Les victimes de Norbourg en avaient gros sur le coeur cette semaine, à l'annonce de la libération conditionnelle de Vincent Lacroix. Plusieurs n'en reviennent pas que les crimes qui lui sont reprochés ne soient pas considérés comme violents. Ils savent de quoi ils parlent. Les crimes économiques ont des conséquences brutales sur ceux qui les subissent.

En septembre 2005, Michel Vézina a dû reprendre son ancien métier de débosseleur. Un boulot exigeant, où l'on manipule des produits chimiques et où l'on doit travailler debout, à genoux et au sol. Quarante heures par semaine. Plus maintenant. À 70 ans, il n'en a plus la force. Il effectue des menus travaux comme des contrats de peinture, une quinzaine d'heures par semaine. Pas le choix. Tout l'argent de sa retraite a disparu dans le scandale Norbourg.

 

Des cas comme le sien, il y en a beaucoup. Cette gigantesque fraude de 115 millions de dollars a frappé quelque 9200 personnes, dont un grand nombre de retraités. La plupart ne sont pas sorties sur la place publique pour raconter leurs déboires. Plusieurs sont minées par la honte, comme si elles étaient responsables de ce qui leur arrive, alors que leurs placements n'avaient rien de téméraire.

Quelques investisseurs, heureusement, ont pris la parole au procès ou dans les médias. On se souvient de cette retraitée de 61 ans, forcée de s'exiler dans une autre région pour prendre un emploi à 9$ l'heure: sa tension artérielle et son taux de cholestérol ont grimpé en flèche, et elle s'est mise à faire du diabète. Et ce conseiller financier de Québec, qui avait lui aussi des problèmes de tension artérielle. On parle ici de séquelles bien tangibles, aussi concrètes que celles laissées par une agression physique.

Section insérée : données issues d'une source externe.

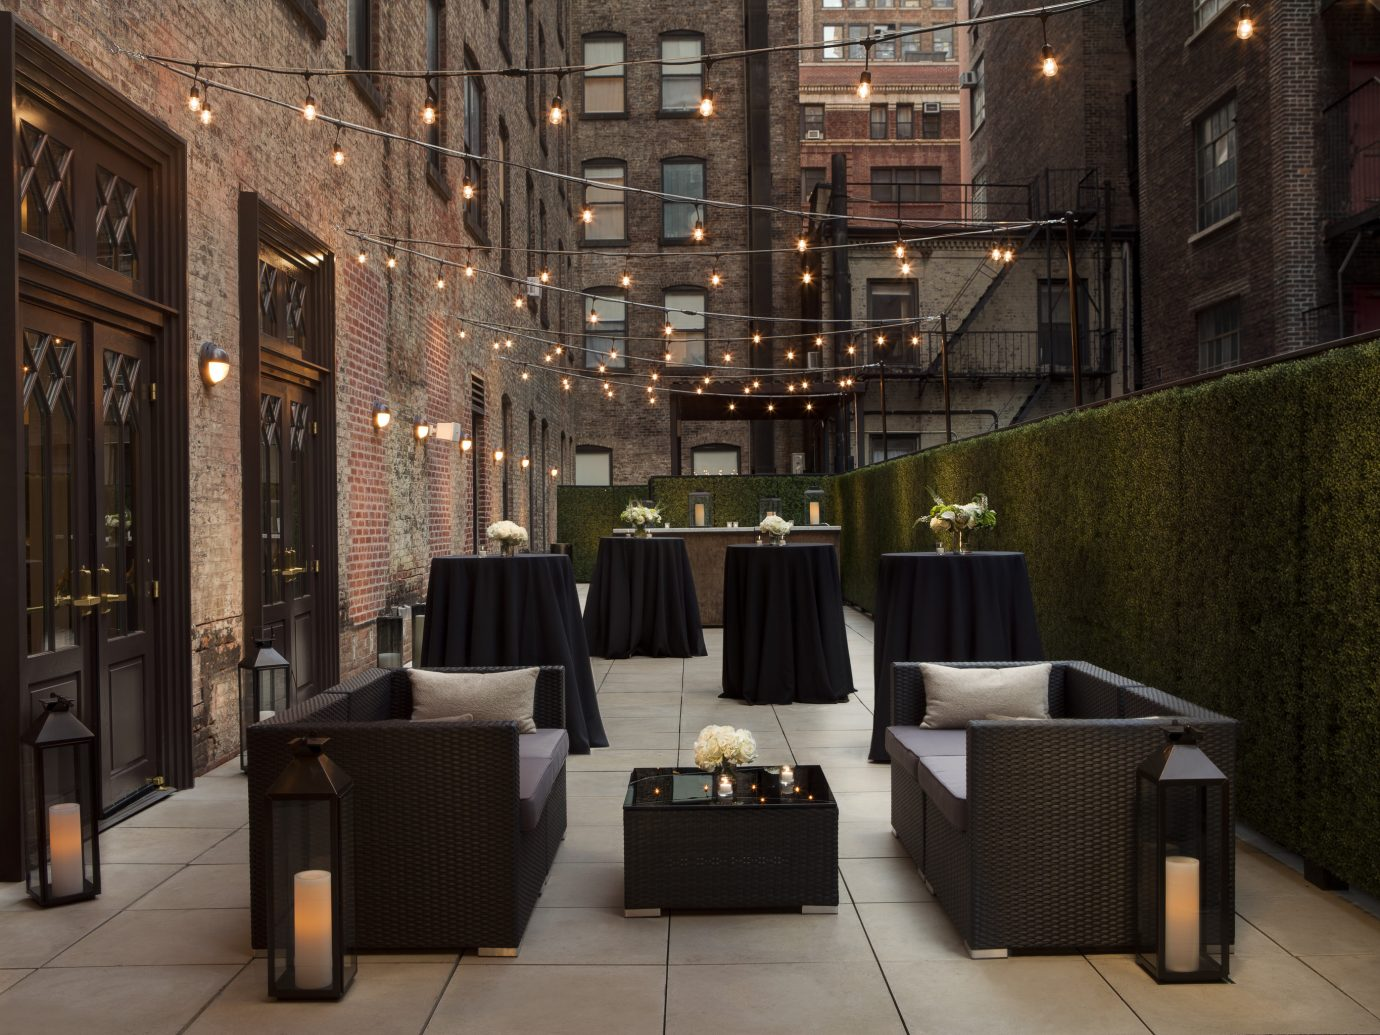 Outdoor patio at The Redbury, New York City

À 66 ans, Réal Ouimet est obligé de travailler à temps plein lui aussi, comme responsable de la sécurité à Ski Bromont, «Heureusement que j'ai la santé. Mais combien de temps ça va durer?», nous a-t-il lancé. Aussi longtemps que nécessaire, c'est ce que nous lui souhaitons. Sauf qu'il touche au coeur du problème. Ce n'est pas seulement de l'argent qu'on a volé aux épargnants, mais de précieuses années de vie active. Des années de repos bien mérité, durant lesquelles ils ne devraient pas avoir à s'échiner, au risque de leur santé. Et on ne parle même pas de toute la colère, l'angoisse et la détresse psychologique qu'engendre cette situation.

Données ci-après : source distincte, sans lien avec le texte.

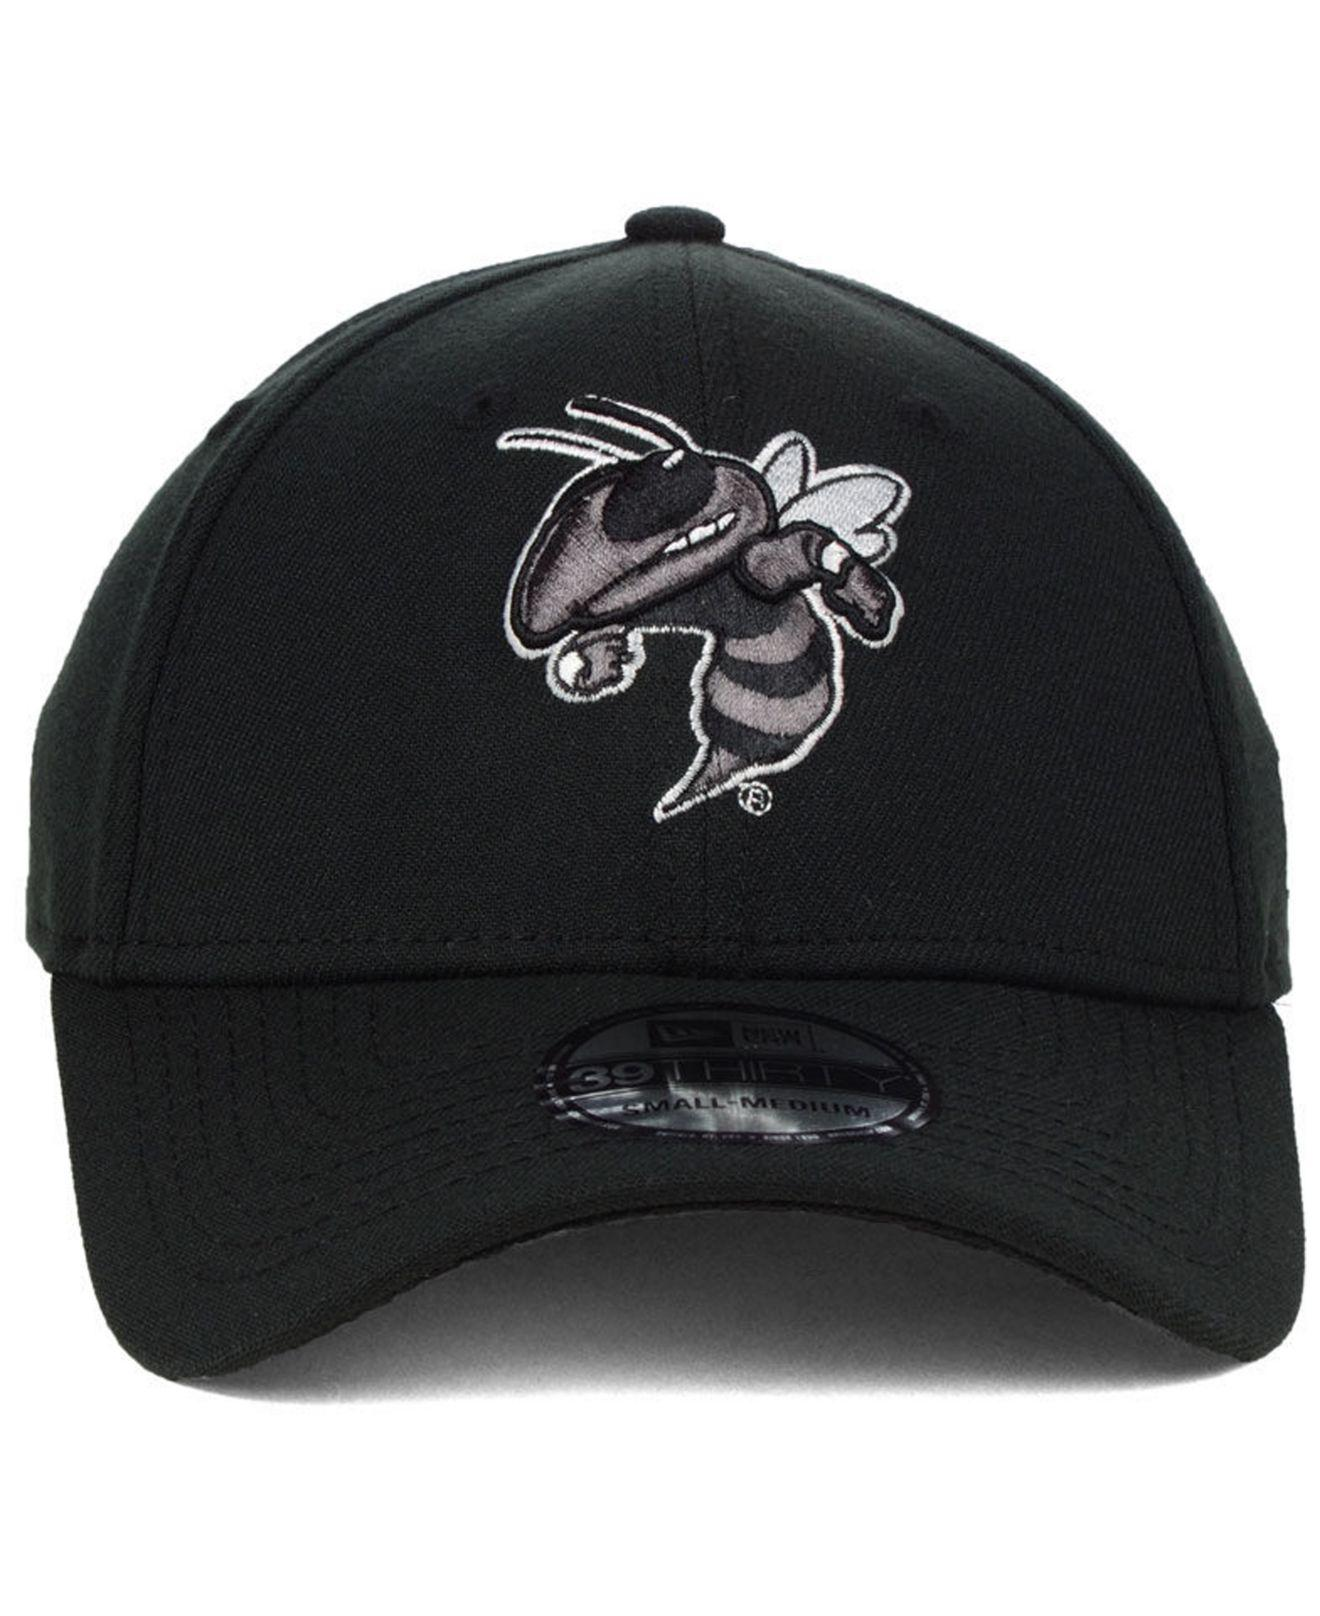 on sale 917ec 15a6c ... discount code for lyst ktz georgia tech black pop flex 39thirty cap in  black for men

Le crime économique n'est pas une infraction abstraite. C'est un délit qui a des impacts humains très graves. Il faut en prendre conscience. Ça ne freinera pas des gens comme Vincent Lacroix, qui n'a jamais manifesté grand sympathie pour les victimes. Les dirigeants, les corps policiers et les divers systèmes de surveillance, par contre, doivent se sentir interpelés.

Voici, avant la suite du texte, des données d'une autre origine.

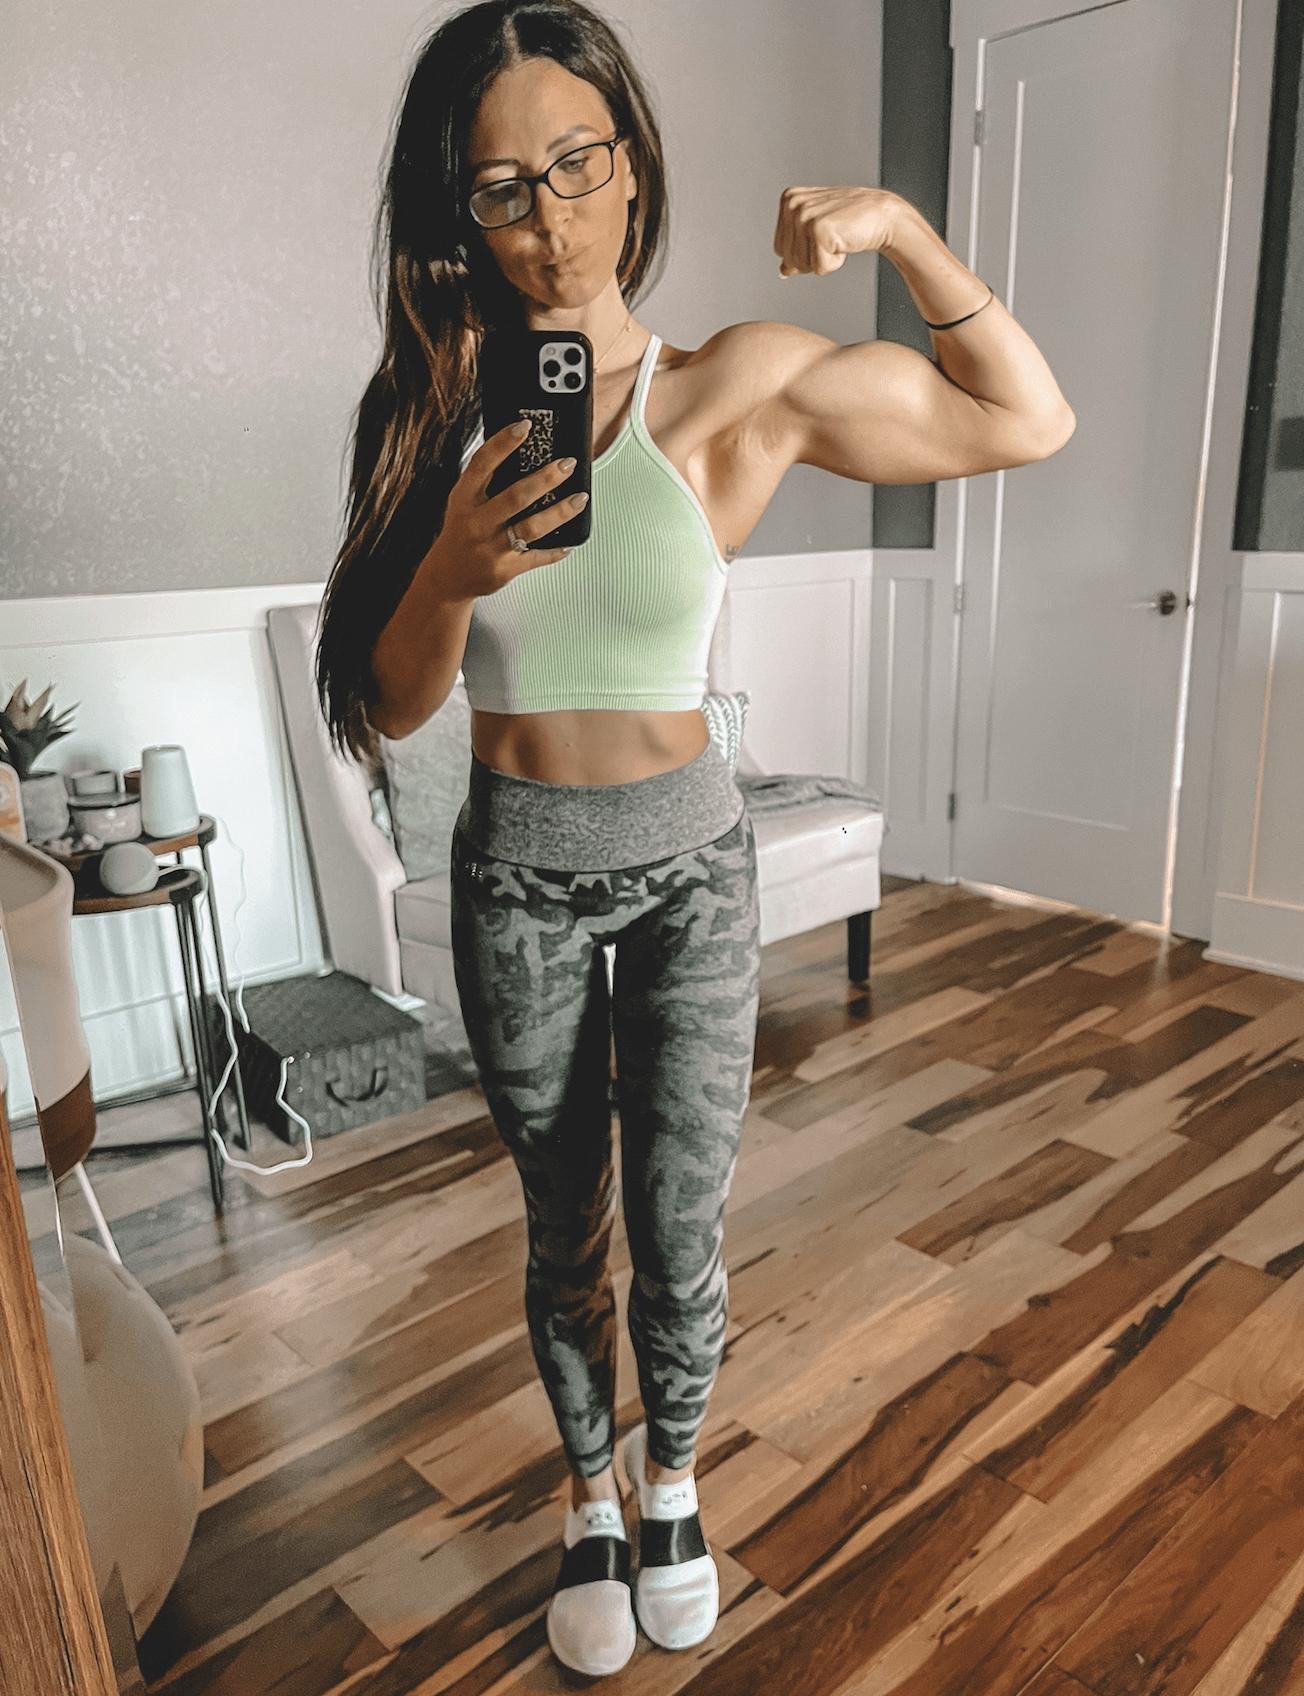 sarah bowmar supplement schedule

Il ne suffit pas de protéger la réputation des marchés. Il faut d'abord penser aux individus qui y investissent leur avenir. Et pour limiter le nombre de victimes, il n'y a pas 36 solutions. Il faut miser sur la prévention, et intervenir rapidement. L'affaire Norbourg nous montre qu'il y a encore beaucoup de travail à faire de ce côté-là.